A Kering, conglomerado proprietário da Gucci, anunciou a venda de seu negócio de beleza para a gigante francesa L’Oréal por impressionantes 4 bilhões de euros (cerca de US$ 4,66 bilhões). A transação marca uma guinada estratégica significativa sob a liderança do novo CEO, Luca de Meo, que busca atacar a elevada dívida do grupo de luxo e concentrar os esforços no seu core business de moda.
O acordo estabelece que a L’Oréal adquirirá a linha de fragrâncias Creed da Kering — comprada pelo ex-CEO François-Henri Pinault em 2023 por 3,5 bilhões de euros — e, crucialmente, obterá direitos exclusivos de 50 anos para desenvolver fragrâncias e produtos de beleza sob as principais marcas de moda da Kering, incluindo Bottega Veneta e Balenciaga. A L’Oréal também garantirá a licença da Gucci por um período similar de 50 anos, após a expiração do atual acordo com a Coty (COTY.N), que analistas estimam durar até 2028.
Apesar de a venda já ter sido ventilada antes de Luca de Meo assumir em setembro, fontes familiarizadas com o assunto indicam que o executivo italiano acelerou drasticamente as negociações com a L’Oréal neste mês. Analistas do mercado reagiram à notícia. “Acreditamos que vender a Kering Beauté pelo mesmo preço pago pela Creed há dois anos é um remédio amargo, mas necessário”, afirmaram analistas da Bernstein.
A aquisição da Kering Beauty será a maior da história da L’Oréal, superando a compra da marca australiana Aesop por US$ 2,5 bilhões em 2023. Para os analistas da Bernstein, a operação faz sentido estratégico, com a marca Creed sendo vista como um ativo altamente atraente no crescente segmento de fragrâncias de luxo. Após o anúncio, as ações da Kering subiram 4,7%, enquanto as da L’Oréal valorizaram 1,4%. A venda representa um passo fundamental para reduzir a dívida líquida da Kering, que estava em 9,5 bilhões de euros no final de junho, somada a 6 bilhões de euros em passivos de arrendamento de longo prazo, fatores que têm gerado preocupação entre os investidores.

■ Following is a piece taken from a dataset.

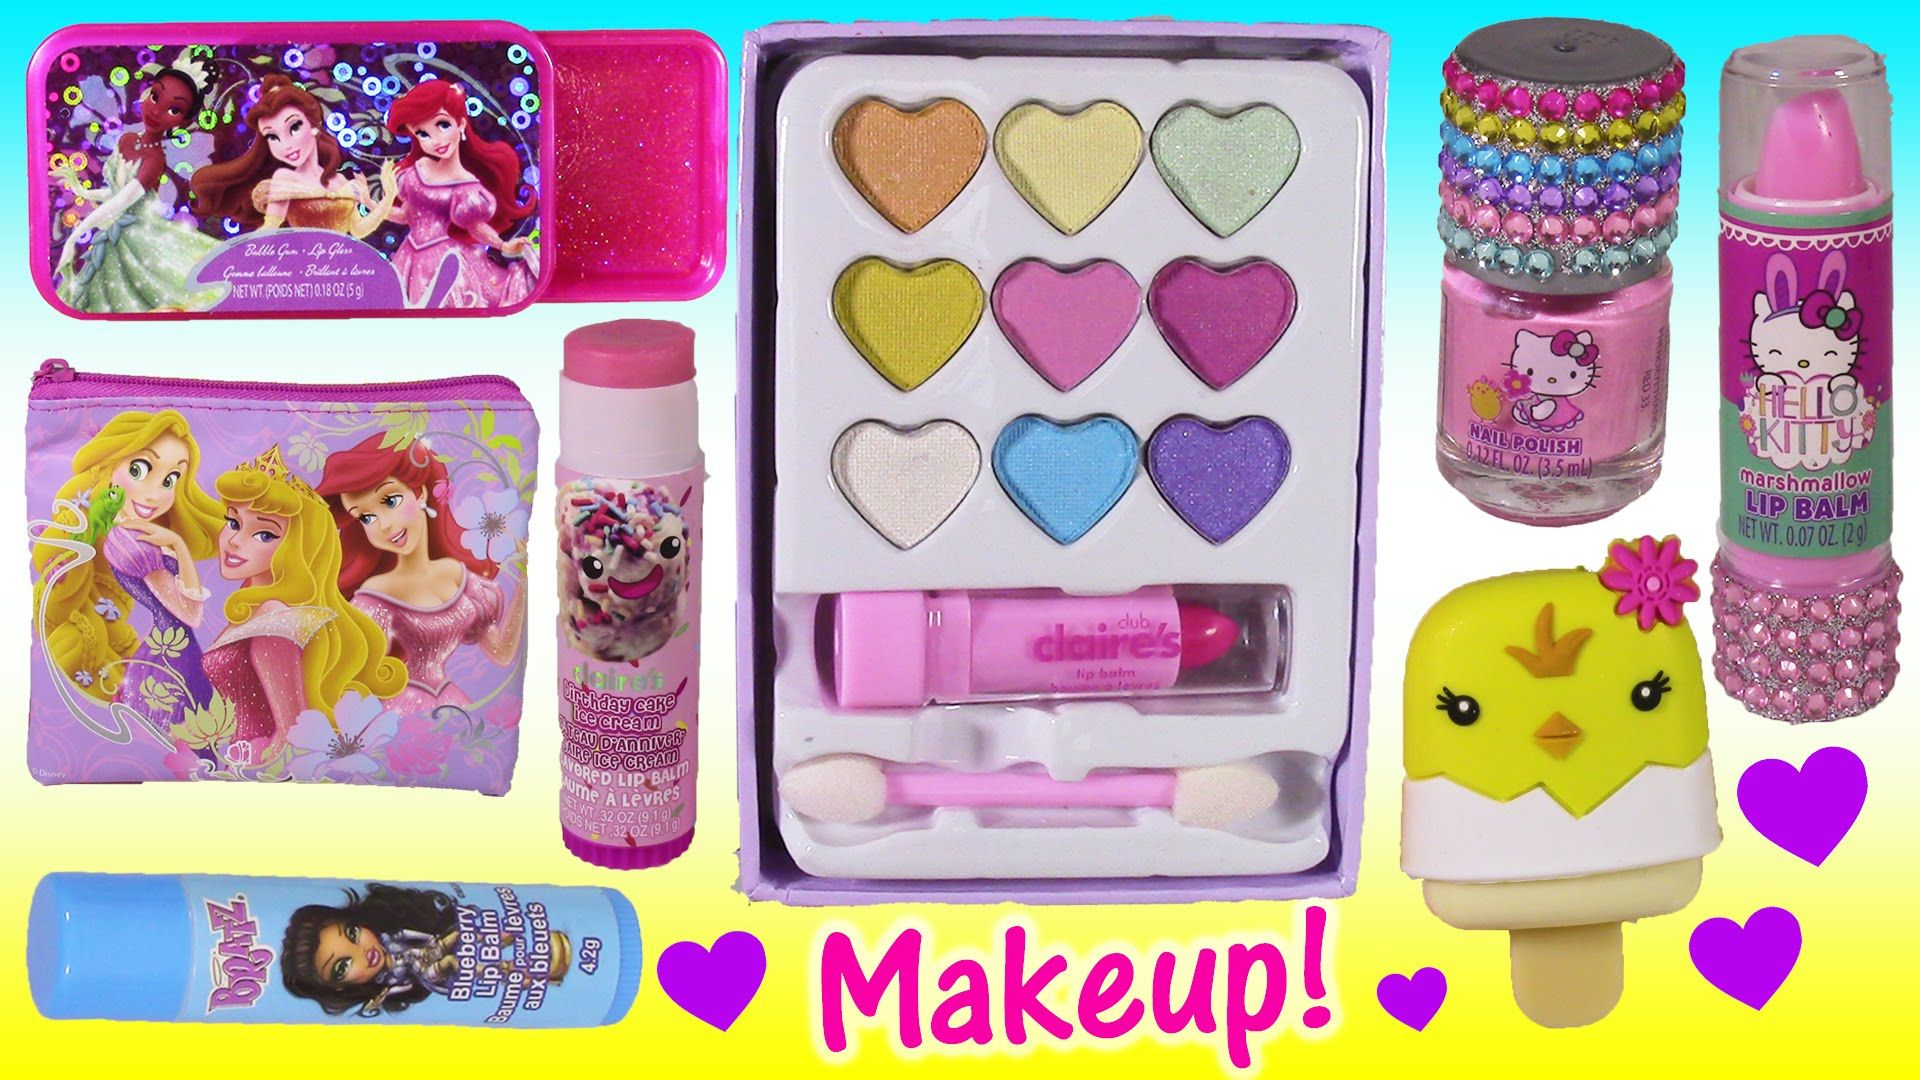 2c2e0f1886 Makeup Beauty Bonanza 2! Lip Balm Hello Kitty Disney Princess Lip GLOSS! Fun  Squishies

A decisão de De Meo representa uma mudança de direção em menos de dois meses de gestão, desfazendo uma das maiores mudanças estratégicas implementadas por seu antecessor, François-Henri Pinault. A Kering havia criado sua divisão de beleza em 2023, após a aquisição da Creed, com o objetivo de diminuir sua dependência da Gucci, que gera a maior parte dos lucros do grupo.
Contudo, o conglomerado francês tem enfrentado dificuldades em alavancar o novo negócio, que registrou um prejuízo operacional de 60 milhões de euros no primeiro semestre do ano. Além disso, a Gucci tem apresentado queda de crescimento, com a receita caindo 25% no último trimestre divulgado, pressionada pela desaceleração da demanda no mercado chinês, intensificando a necessidade da Kering de reduzir o endividamento e evitar rebaixamentos de crédito.
O CEO De Meo já havia sinalizado aos acionistas que tomaria “decisões difíceis” para reduzir a dívida, incluindo a racionalização e reorganização do grupo. Recentemente, a empresa adiou planos de adquirir totalmente a marca italiana Valentino e pretende vender participações em seus imóveis para levantar capital.
A L’Oréal, fabricante de marcas como Maybelline e CeraVe, já possui experiência no segmento de luxo, produzindo perfumes de sucesso sob a marca Yves Saint Laurent, cujos direitos foram adquiridos da própria Kering em 2008 por 1,15 bilhão de euros. As duas empresas também anunciaram a criação de uma joint venture para oferecer experiências e serviços a clientes de luxo.
O segmento de fragrâncias, que representou cerca de 14% da receita da L’Oréal em 2024 (segundo Bernstein), cresceu em dígitos duplos no segundo trimestre, superando o desempenho do setor. Para o consultor Bruno-Roland Bernard, a L’Oréal deve estar motivada para obter as licenças de marcas prestigiosas e relativamente subdesenvolvidas da Kering e pode ter se beneficiado de uma posição de barganha favorável, dada a pressão de tempo sobre a Kering e a limitação de concorrentes com o poder de fogo necessário para a aquisição.
Não está claro como este negócio afetará as negociações entre a L’Oréal e o grupo Armani, que, segundo o testamento do falecido designer Giorgio Armani, nomeou a L’Oréal como uma das compradoras preferenciais de uma participação minoritária em sua casa de moda. A transação entre Kering e L’Oréal, que contou com a assessoria da Evercore e Centerview para a Kering e Bank of America e Rothschild para a L’Oréal, tem previsão de ser concluída no primeiro semestre de 2026.